Monday, 28 February 2022

Weirdness with the IBM Cloud CLI tool

A friend of mine was having some interesting fun and games with the IBM Cloud CLI tool: -

ic plugin install vpc-infrastructure

Looking up 'vpc-infrastructure' from repository 'IBM Cloud'...

FAILED

Unable to fetch plug-ins from repository 'IBM Cloud':

invalid character '<' looking for beginning of value

and: -

ic plugin repo-plugins -r "IBM Cloud"

Getting plug-ins from repository 'IBM Cloud'...

FAILED

Unable to fetch plug-ins from repository 'IBM Cloud':

invalid character '<' looking for beginning of value

When we checked, she was on a back-level version: -

ic version

ibmcloud version 1.2.3+3577aee-2020-09-25T14:55:44+00:00

so we tried to get it updated: -

ic update

Checking for updates...

FAILED

An error occurred when fetching latest CLI info:

invalid character '<' looking for beginning of value

We even tried enabling debug: -

export IBMCLOUD_TRACE=true

as, under the covers, the CLI tool is making a LARGE number of REST API calls, but still saw: -

invalid character '<' looking for beginning of value

**AND** a bunch of HTML

This implied that the old back-level CLI was getting some HTML from the IBM Cloud CLI endpoint, which wasn't ( obviously ) valid JSON, and was thus choking the CLI.

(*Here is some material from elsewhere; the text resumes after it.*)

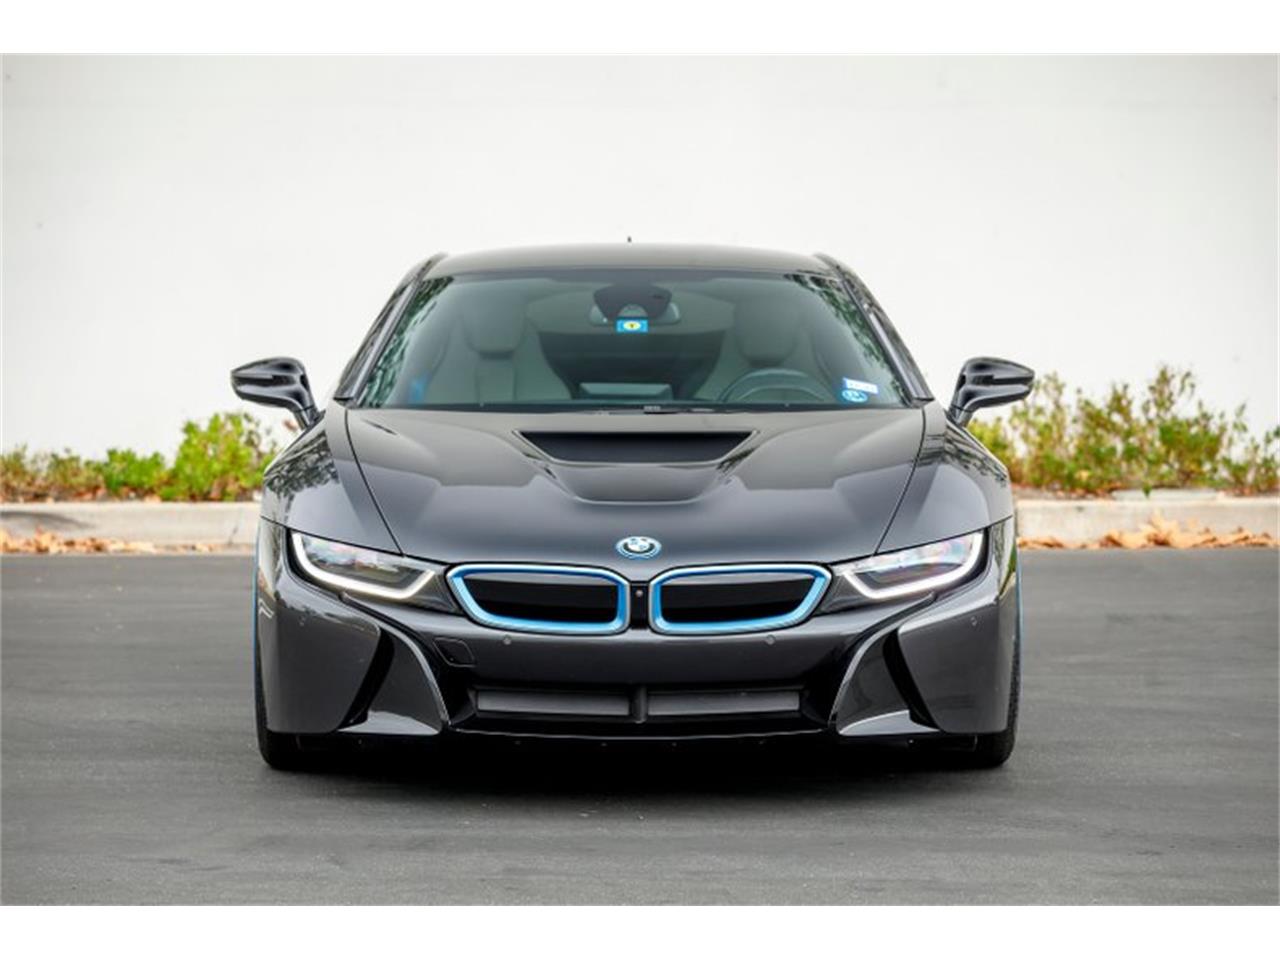 2014 BMW i8 for Sale | ClassicCars.com | CC-1173126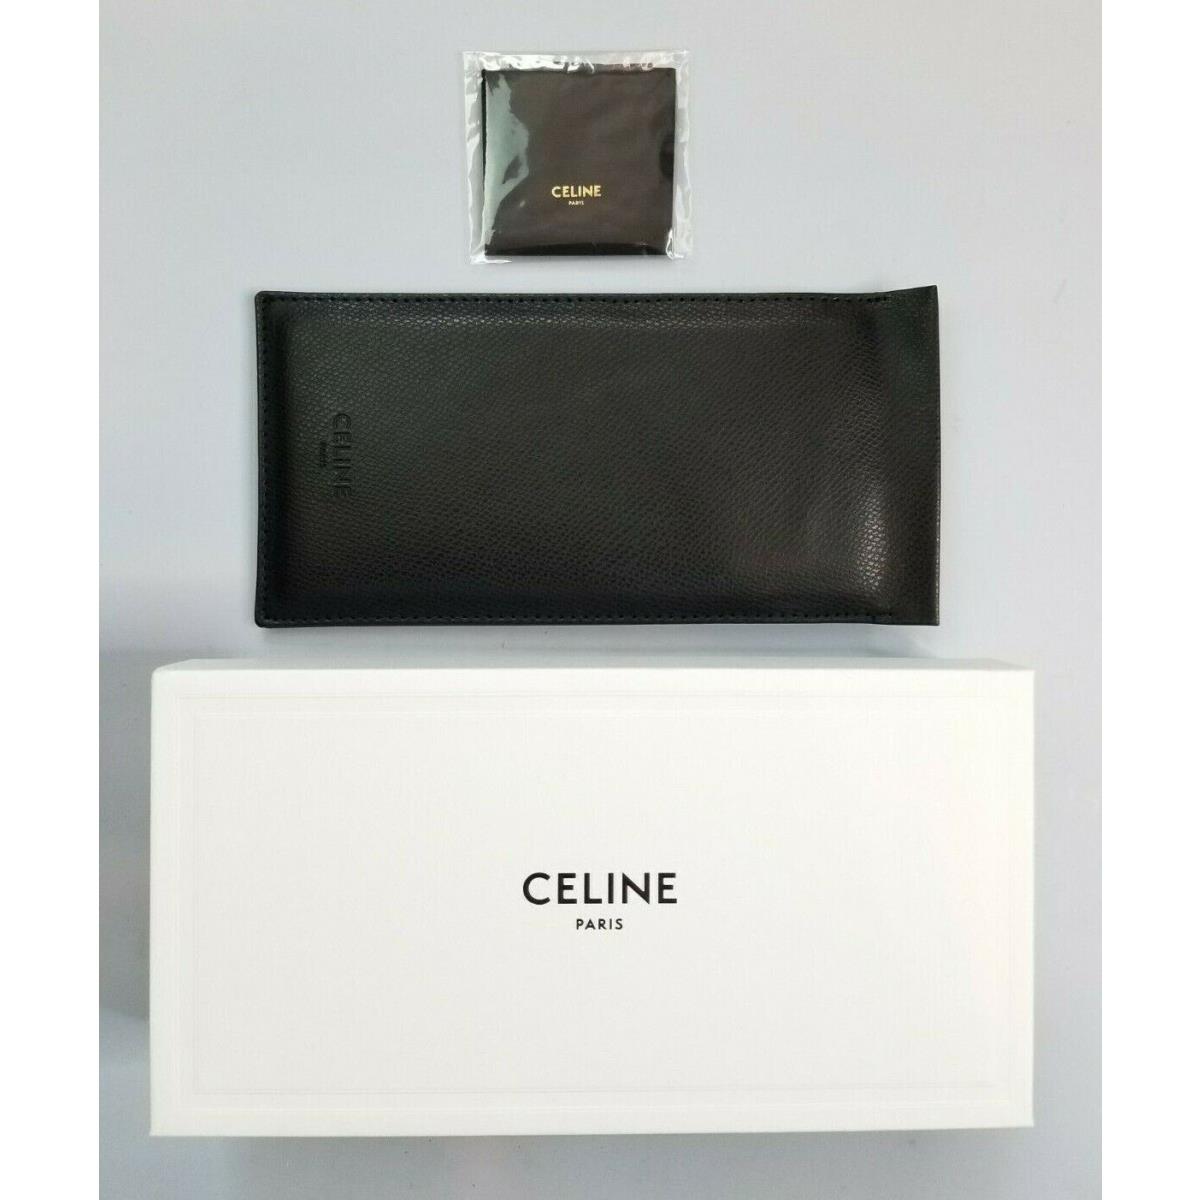 Celine sunglasses  - Brown/Silver Frame, Gray Lens 6

The mitigation was to install a new fresh up-to-date copy: -

curl -fsSL https://clis.cloud.ibm.com/install/osx | sh

and then we were off to the races: -

ic version

/usr/local/bin/ibmcloud version 2.5.0+3bf759b-2022-02-24T21:48:22+00:00

Wednesday, 23 February 2022

TIL - Logging into IBM Cloud with fewer keystrokes

So, back in the day i.e. earlier today, this is how I'd log into IBM Cloud: -

ic login --apikey $(cat ~/keyfile_staging_payg.json | jq -r .apikey) -r us-south -a 

where I'm using cat and jq to parse a JSON document containing my API key: -

cat ~/keyfile_staging_payg.json | jq -r .apikey

Well, today I learned that I can do it in fewer keystrokes ...

ic login --apikey @keyfile_staging_payg.json -r us-south -a https://test.cloud.ibm.com

In other words, I'm using @ rather than a combination of cat and jq.

Now, personally, I use aliases to make life even easier e.g.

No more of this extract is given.